29 N.Y.2d 143 (1971)
A consent to probate, made following or simultaneously with an appearance in the proceeding, is essentially a stipulation and should be treated accordingly, allowing withdrawal for good cause such as fraud, collusion, mistake, accident, or some other ground of the same nature, provided the parties can be placed in statu quo.
Summary
The Frutiger case addresses the circumstances under which a waiver of citation and consent to probate can be set aside, allowing objections to a will. Two brothers, the decedent’s only distributees, signed waivers and consents at the request of the executor’s representatives shortly after the funeral. The brothers later sought to object to the will. The Surrogate initially allowed them to withdraw their consent, but the Appellate Division reversed. The Court of Appeals determined that the consent was essentially a stipulation that could be withdrawn for good cause, provided the parties could be returned to their original positions. The case was remanded to the Surrogate’s Court to consider whether the brothers had demonstrated sufficient cause to withdraw their consent.
Facts
Following Walter Frutiger’s funeral, his brothers, Ernest and Willard, met with representatives of the Endicott Trust Company (the executor) and its attorneys. The will and codicils were read, and the brothers were asked to sign waivers of citation and consents to probate. The purpose was allegedly to expedite payment of the decedent’s bills.

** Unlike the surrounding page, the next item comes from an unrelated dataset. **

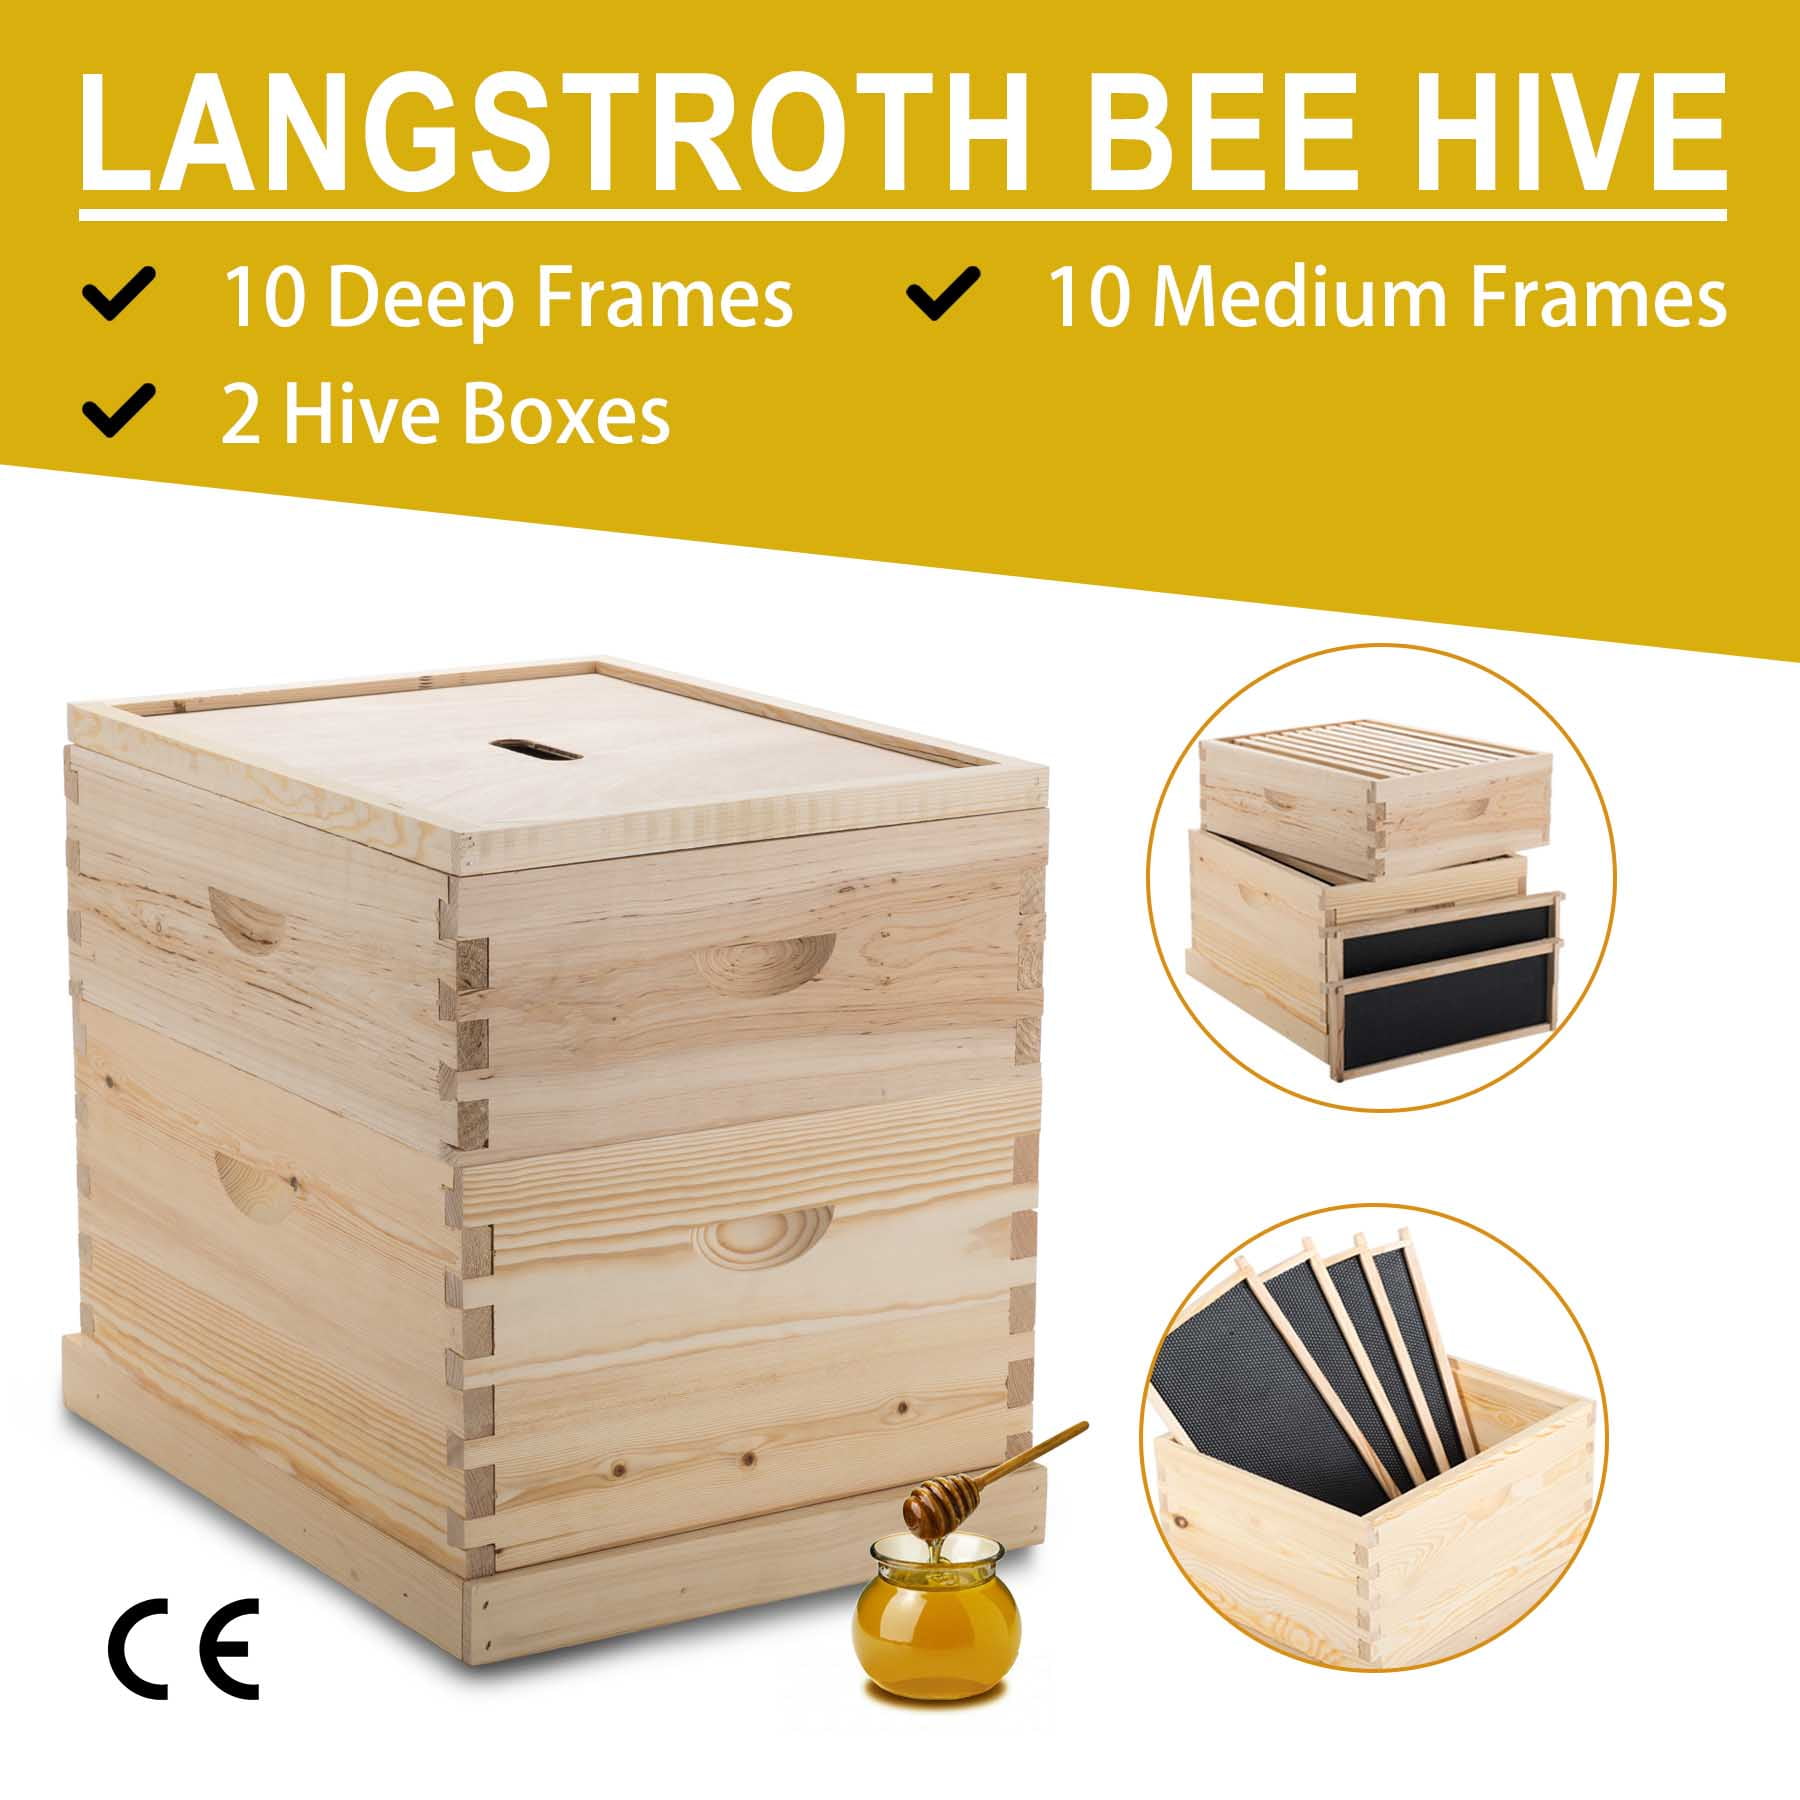 Honey Beehive Frames Beekeeping Box Bee Hive King Pollination Box Bee M Y0O7 1X 
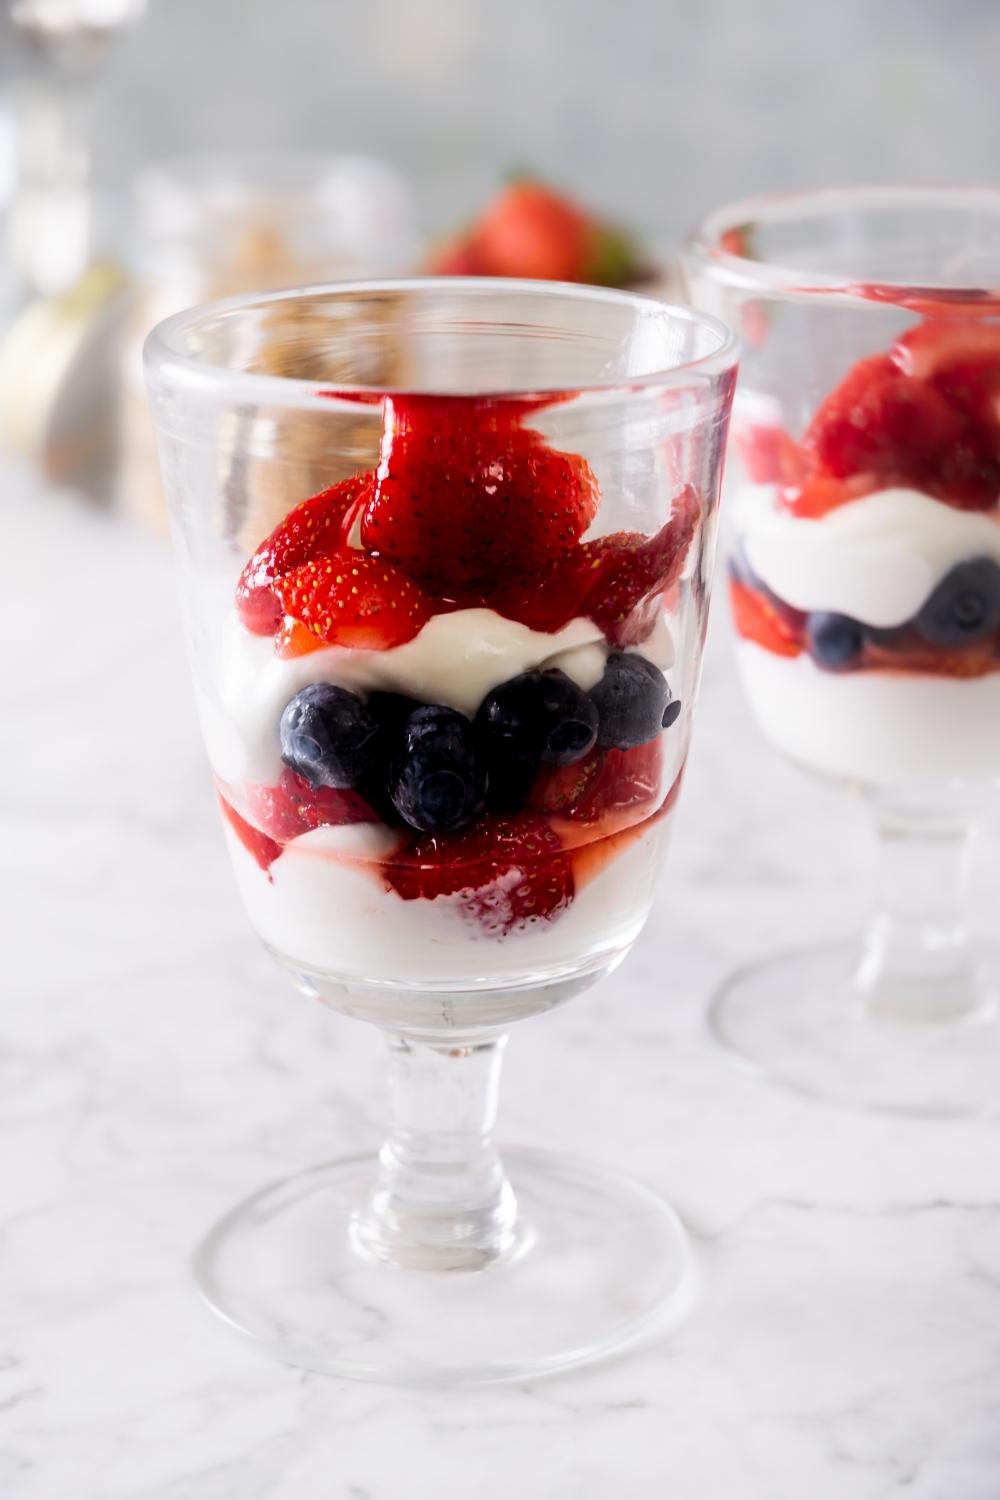 parfait glass layered with berries and yogurt

The brothers were given copies of the will and codicils but not of the waivers. Shortly after, the brothers sought legal advice regarding the validity of the will. The will reduced the brothers’ share of the residuary estate compared to an earlier version.
Procedural History
The probate petition was filed approximately 32 months after the waivers were signed. A citation was served on the brothers, which was inconsistent with having valid waivers. The brothers filed objections. The waivers were only filed after objections were made, some 45 months after signing. The Surrogate’s Court initially allowed the brothers to withdraw their consent, finding that the proponent’s conduct implied the waivers were withdrawn. The Appellate Division reversed, finding no such agreement to withdraw the waivers. The case was appealed to the Court of Appeals.
Issue(s)
Whether the Surrogate’s Court properly set aside the appellants’ waivers of citation and consents to the probate of the will and codicils, thus permitting them to pursue objections to probate.
Holding
No, not definitively; because the consent to probate is essentially a stipulation, the Surrogate’s Court has the power to relieve a party from its terms for good cause, provided the parties can be placed in statu quo. The case was remitted to the Surrogate’s Court to determine if sufficient cause existed.
Court’s Reasoning
The Court of Appeals reasoned that the consent to probate, made in conjunction with an appearance in the proceeding, is akin to a stipulation. As such, it is subject to the court’s control and can be withdrawn under certain circumstances. The Court stated, “The court has control over stipulations and power to relieve from the terms thereof when the parties can be placed in statu quo. But the stipulation will not be destroyed without a showing of good cause therefor, such as fraud, collusion, mistake, accident, or some other ground of the same nature.” The court emphasized that the proponent had not changed its position based on the waivers, preserving the status quo. Furthermore, the proponent’s delay in disclosing the waivers contributed to any potential prejudice. The Court cited Foote v. Adams, 232 App. Div. 60, 63 stating, “It is sufficient if it appears that either party has inadvertently, unadvisably or improvidently entered into an agreement which will take the case out of the due and ordinary course of proceeding in the action, and in so doing may work to his prejudice.”. However, the Court noted the brothers needed to demonstrate a reasonable probability of success in their objections. The dissenting opinion argued that the brothers had not met their burden of proving fraud or misrepresentation in procuring the waivers and that the waivers should be enforced. The dissent emphasized the importance of waivers in the efficient administration of estates.